During the hydraulic fracturing process, the created rough fracture surface and fracturing fluids with high viscosity greatly challenge proppants placement in the thin aperture of fractures. Thus, it is essential to detailly investigate the effect of surface roughness on the proppant distribution. In addition, the multiphase flow in the rough nanoscale microfractures in the variety of orientations have not been cleared. Taking all of these into consideration; rock grain geometries, packing mechanisms, the presence of clay content, and in-situ stress field will be affected and will affect the presence of the microcracks, and consequently control the permeability and porosity of the sedimentary rock. In the failed rock after fracturing work, a processed zone where the pre-existing natural fractures get activated, and induced microcracks including intergranular and intragranular grain boundaries are brought to connect to the main fracture. Hence, the rock grain and pore size distributions at fracture processed zone are altered. This, in turn, controls the fluid transport in the rocks.

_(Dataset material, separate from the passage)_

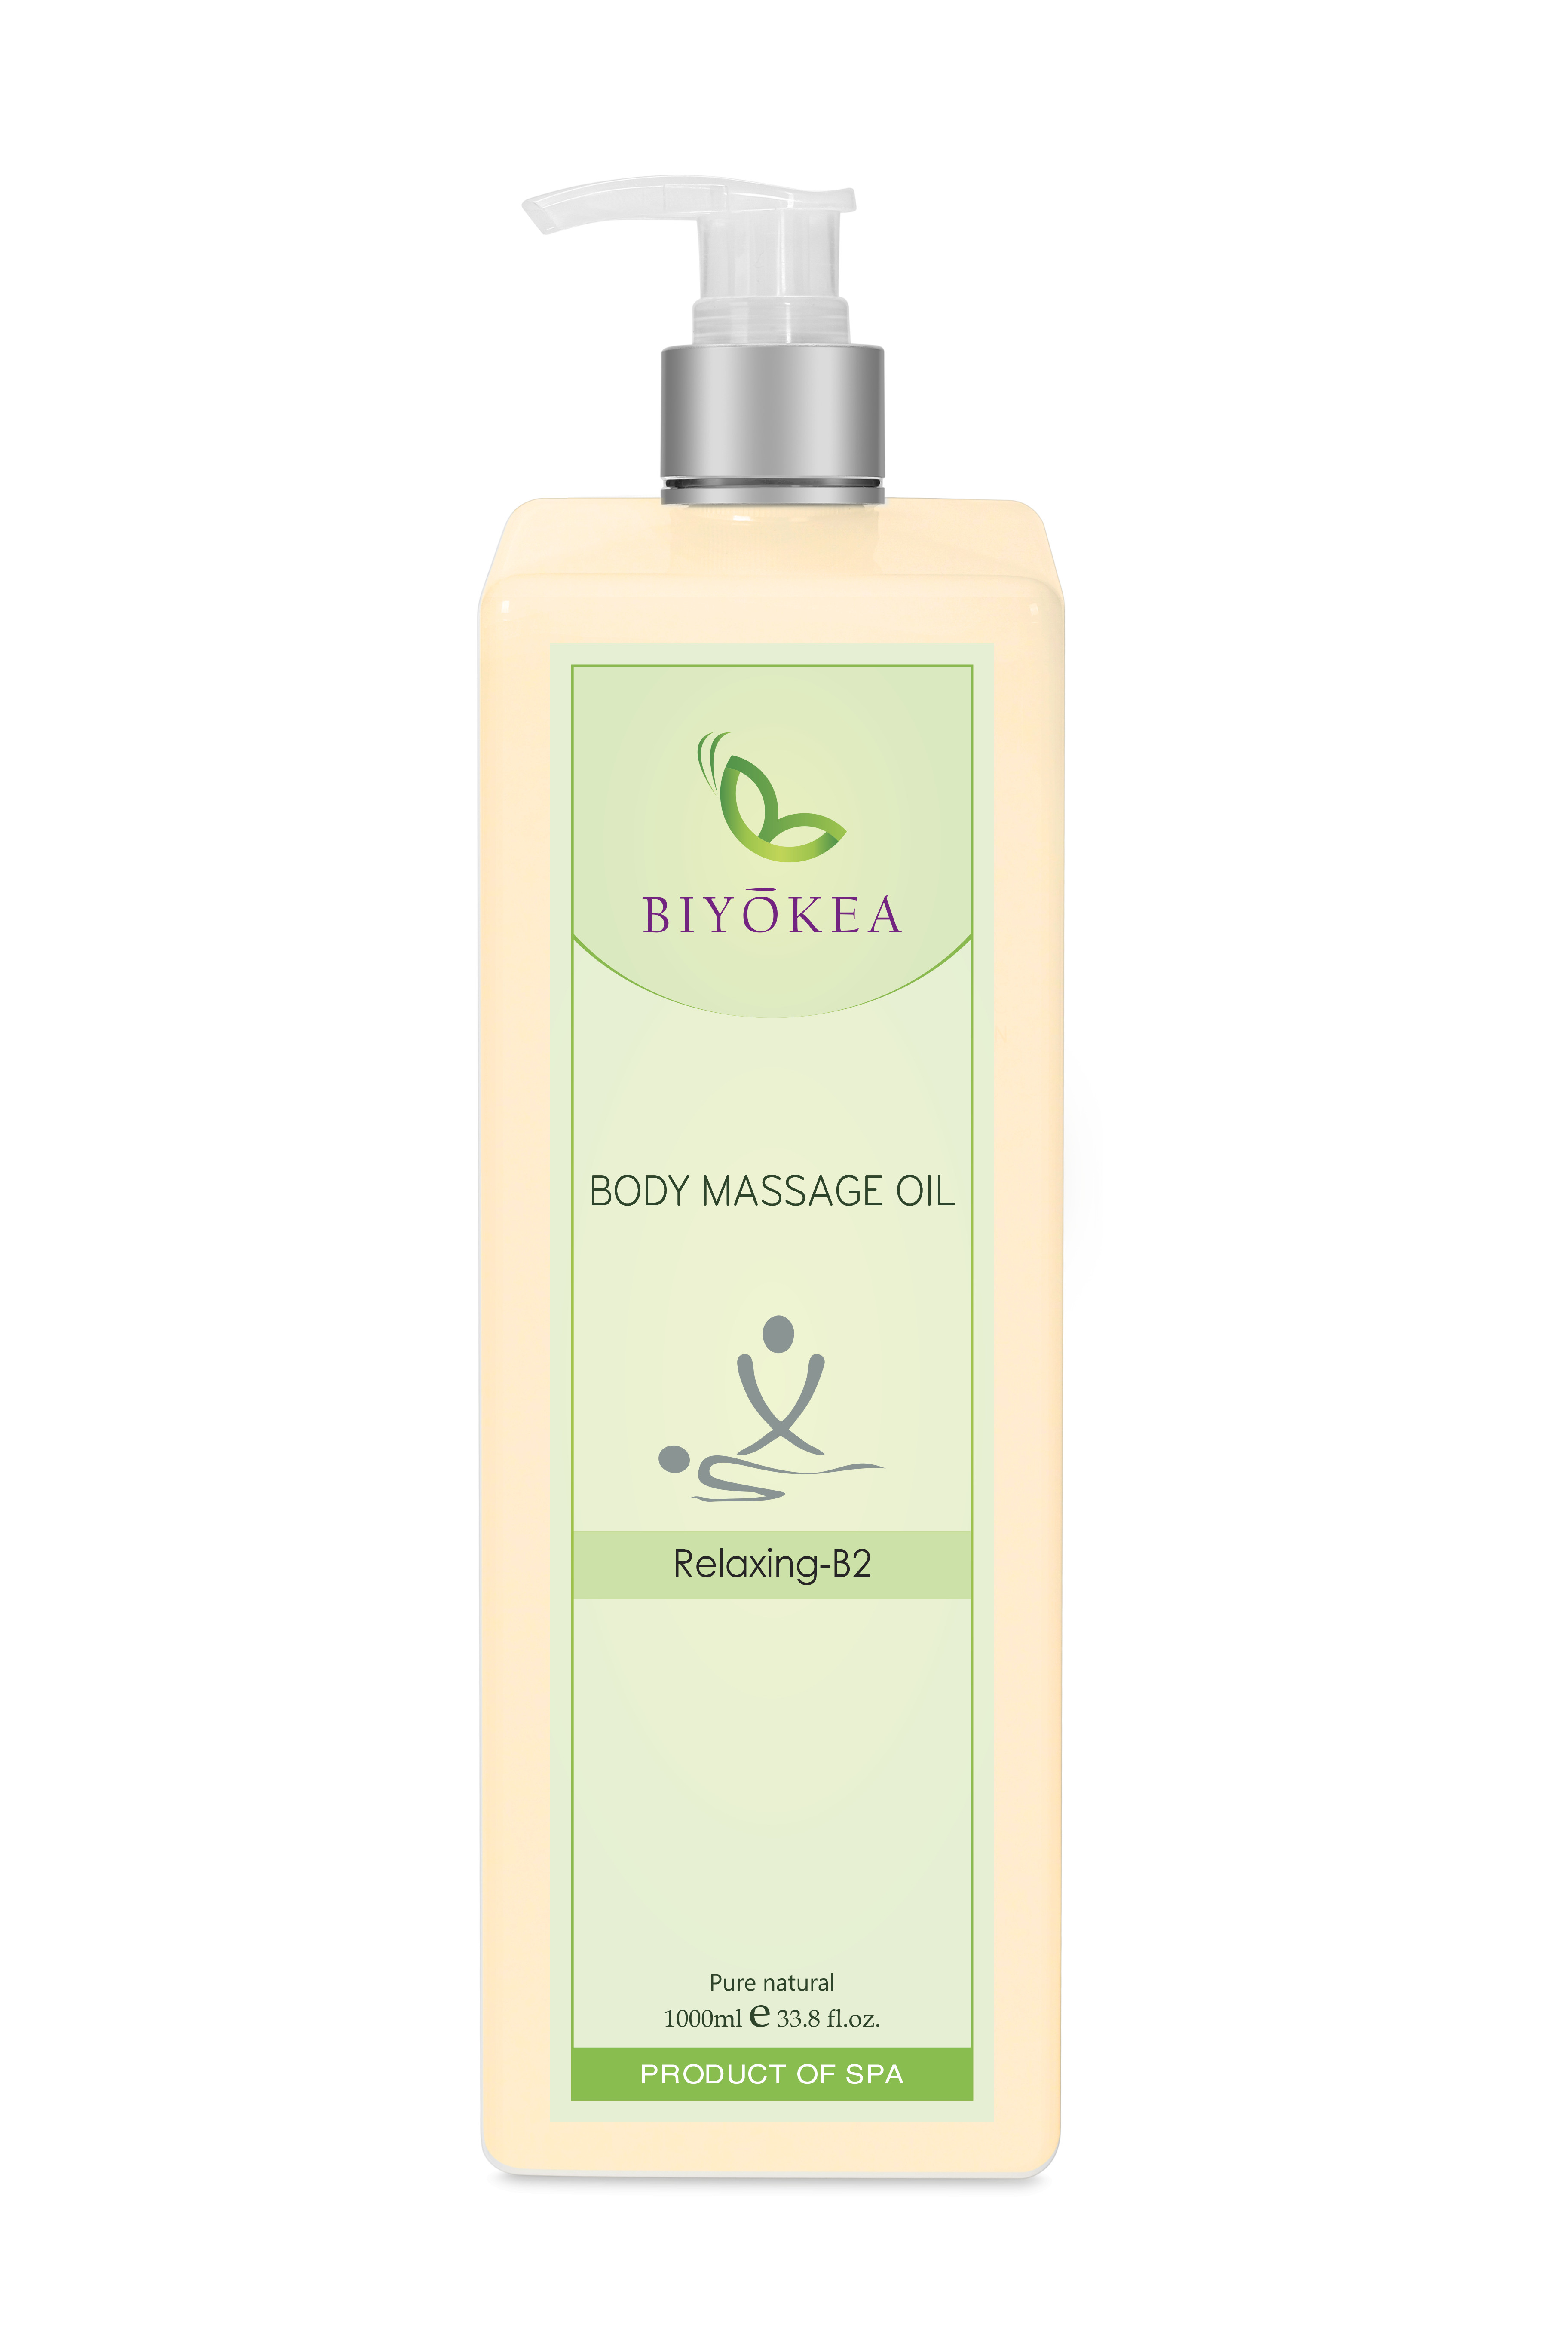 Dầu Massage Body Biyokea - Relaxing B2 (thư giãn) - 1000ml

Our novel approach incorporates the image analysis software (ImageJ) by organizing desired image processing codes to study the critical features of the post-fracturing core sample, including main fracture roughness, mechanical rock properties, crack density, grain, and pore size distributions. Tennessee sandstone was undergone the hydraulic fracturing test and polished on a cross-section perpendicular to the main fracture. This cross-section was recorded by the high-resolution SEM images after ion-milling. Corresponding grain size and pore size distributions are studied at each representative location with respect to its distance to the main fracture to probe alterations of the fracturing process from the core sample original state. The results of grain size and pore size distributions are compared. The discussions of their alterations mechanisms and their effects on the rock porosity and permeability are analyzed.
We find that the roughness presence of fractures strongly increases conduits open to fluid flow. In addition, our developed image processing code perfectly captured the rock grains with the promising precision. Further, we are able to observe the grain size deduction due to the incremental intragranular grain boundaries while intergranular grain boundaries are still majorities outside the fracture processed zone (FPZ). Grain size renders a lognormal distribution at each representative location and coincides with the permeability distribution of most reservoir rocks. Grain size averages also match the literature values with reasonable uncertainties (20%). The pore size distribution and its average value vary spatially. Results from this study kindle the insights of the heterogeneity of the fractured formation with proper petrophysics parameters quantitatively. We also found that the aspect ratio from 2D image analysis does not reflect the significance in the mechanics.
This novel approach will commit to supporting the lab measurements, gives field preliminary hydraulic fracturing performance assessment and lower the cost needed for hydraulic fracturing design.